Les transitions réalisées au tournage, c’est en fait anticiper deux plans successifs, et faire en sorte qu’ils se raccordent sans post-production (ou presque). A la clé, l’impression que la caméra a pu se transporter à deux endroits différents sans coupe. On a sélectionné ici 9 transitions faciles à faire « in camera ». Explications.

1- Les principes

Les exemples les plus communs de transitions « In camera » (au tournage), vous les connaissez sans doute: vous suivez un sujet, puis en fin de plan vous effectuez un tilt vers le ciel. vous changez d’endroit et vous commencez votre plan depuis le ciel et vous reprenez votre sujet… Qui a changé d’endroit.

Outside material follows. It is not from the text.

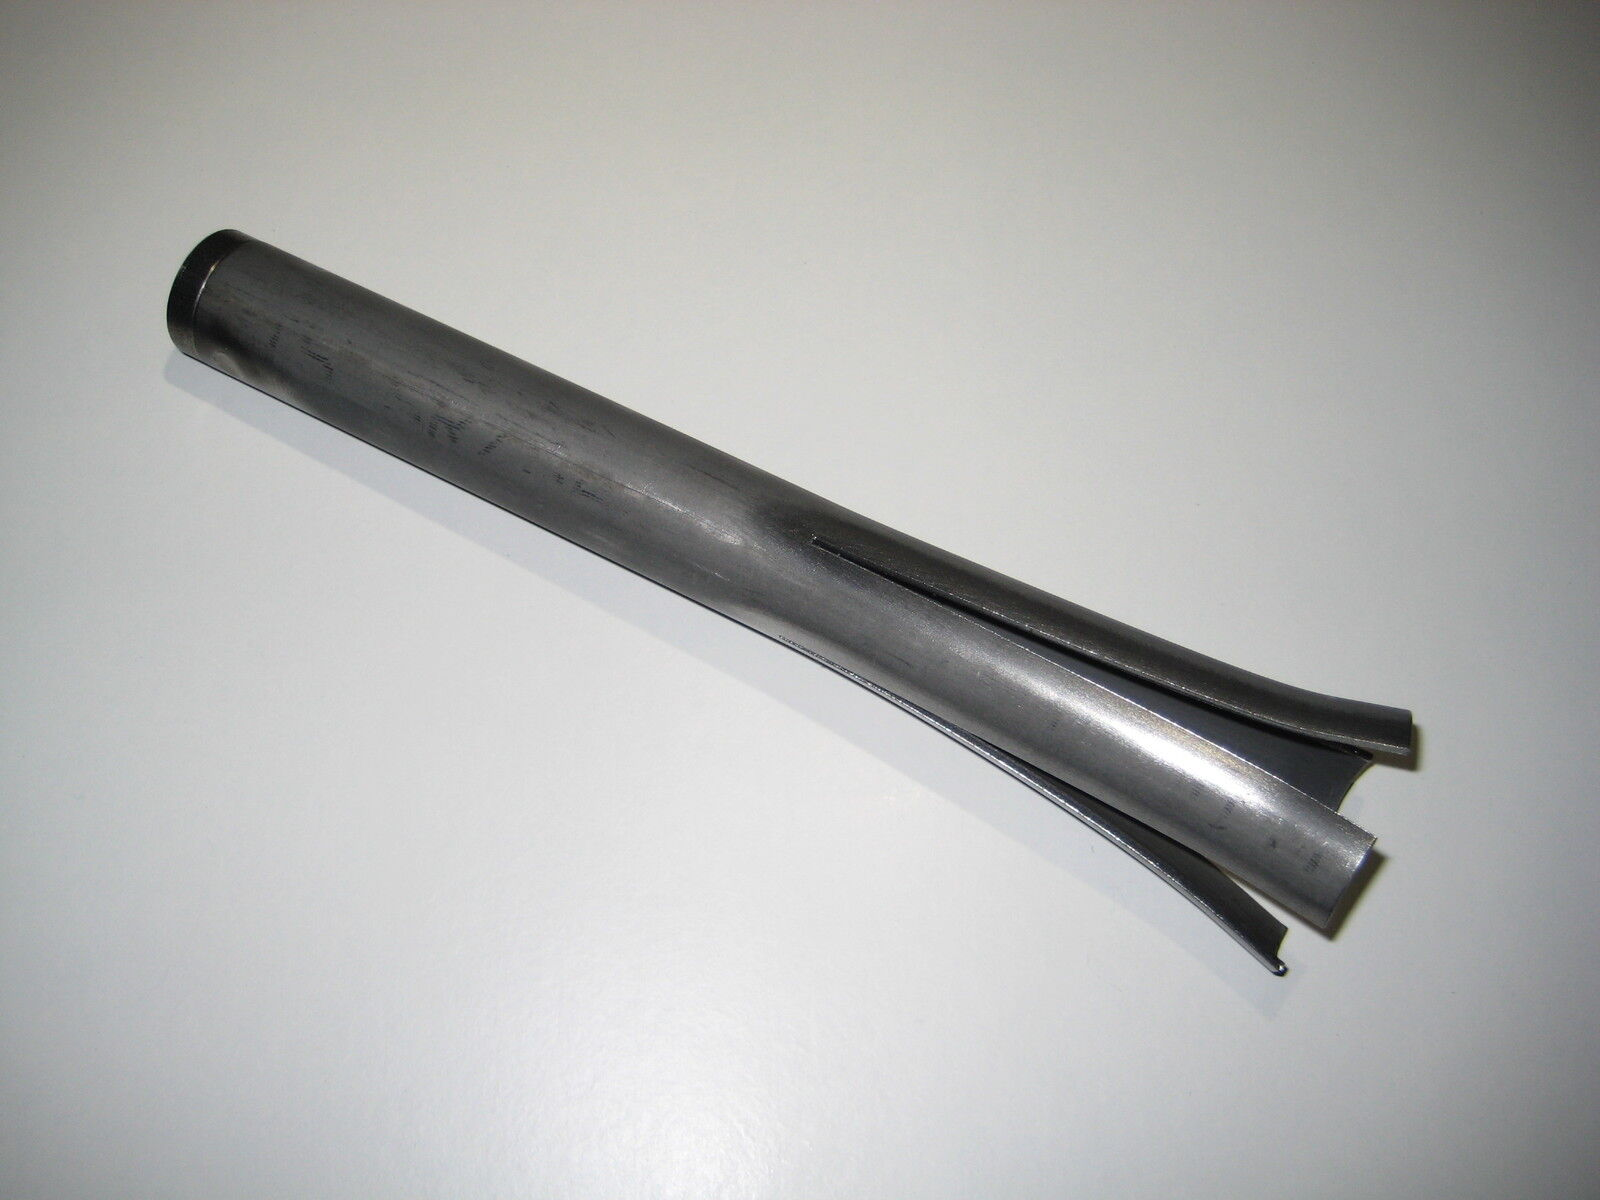 MTB Tools Mountainbike, Fahrrad Konisch Headset Press Werkzeug 2.9cm 3.8cm To 2.9cm Werkzeug 349734

Pourquoi le ciel? Parce qu’il va donner une image bleue-blanche et que quand vous allez changer d’endroit, vous reprendrez ce bleu-blanc quasi identique, ce qui va donner l’impression qu’il n’y aucune coupe et que c’est donc de la magie.

Autre exemple, le fait que la camera traverse un mur (ou un objet) en travelling latéral pour suivre un sujet (dans un appartement, d’une pièce à l’autre par exemple). L’idée est ici de se servir du noir. Quand la caméra arrive au mur, on s’attend naturellement à passer au noir. Du coup, la combine consiste à se servir de l’opacité supposée de l’objet (en ajoutant du noir devant l’objectif par exemple) et à reprendre le même mouvement de l’autre côté (en enlevant le cache noir très rapidement). La clé aussi, c’est la rapidité du mouvement et sa continuité (dans quoi un fondu au noir suffirait), pour cacher les défauts. Dans l’exemple ci-dessous, ici de la série Sherlock, on voit précisément cette technique (améliorée par un masque en post-production) et baptisée « pass-by ».

  • le secret est donc toujours d’avoir une continuité du mouvement d’un plan à l’autre (de la caméra et de son sujet).
  • D’utiliser n’importe quel élément de décor comme source de la transition (le ciel, le mur, l’objet, un poteau).
2- Un peu de fun dans cet exemple

Dans cette vidéo de PremiumBeat, l’auteur à décidé de détourner l’utilisation de transitions in-camera pour réaliser des exemples plutôt rigolos: un clonage de personnage, un départ de course façon super héro, et un lancer de couteau. On vous laisse regarder. Même si c’est en anglais, vous allez comprendre et on vous explique après.

L’auteur utilise toujours le même mouvement ultra-rapide: un panoramique à la main (qu’il serait mieux de faire au trépied…) :

  • Le premier plan fixe le sujet, puis fait un panoramique vers la droite très rapide avec un shutter bas pour provoquer du flou de mouvement (1/50ème/180°) (voir notre article sur l’exposition.)  
  • Le second plan reprend le même panoramique, mais dont l’angle est inversé.
  • Au montage, il suffit de raccorder les deux plans pendant les deux panoramiques avec un fondu tout bête.
  • Pour la dernière scène du « couteau », comme le personnage ne va pas réellement saisir un couteau en plein vol, l’auteur utilise la ruse suivante. Le premier plan est identique aux autres (panoramique qui fait un gauche droite pendant le lancer du couteau). Le second plan est tourné à l’envers. Le clone est en position finale (couteau rattrapé) et le lance vers la gauche. La panoramique est un droite-gauche. Au montage, il suffit d’inverser la lecture du plan et le tour est joué.
3- La compilation plus classique

Dans cette vidéo Mango Street, montre tous les principes énoncés plus haut dans une compilation de 6 transitions « In camera ». Le visionnage suffit amplement à expliquer les techniques classiques.

4- Pour conclure

Vous l’avez vu, le principe ne varie jamais: un type de mouvement sur 2-3-4 plans et un élément de décor quel qu’il soit, pour masquer le raccord. Le perfection vient de la qualité du mouvement, de la synchronisation de la scène et de la précision de raccord au montage. N’hésitez pas à refaire plusieurs prises pour obtenir cette perfection du mouvement. Regardez aussi autour de vous, il y a toujours un élément de décor à utiliser, y compris le sol… Présent partout!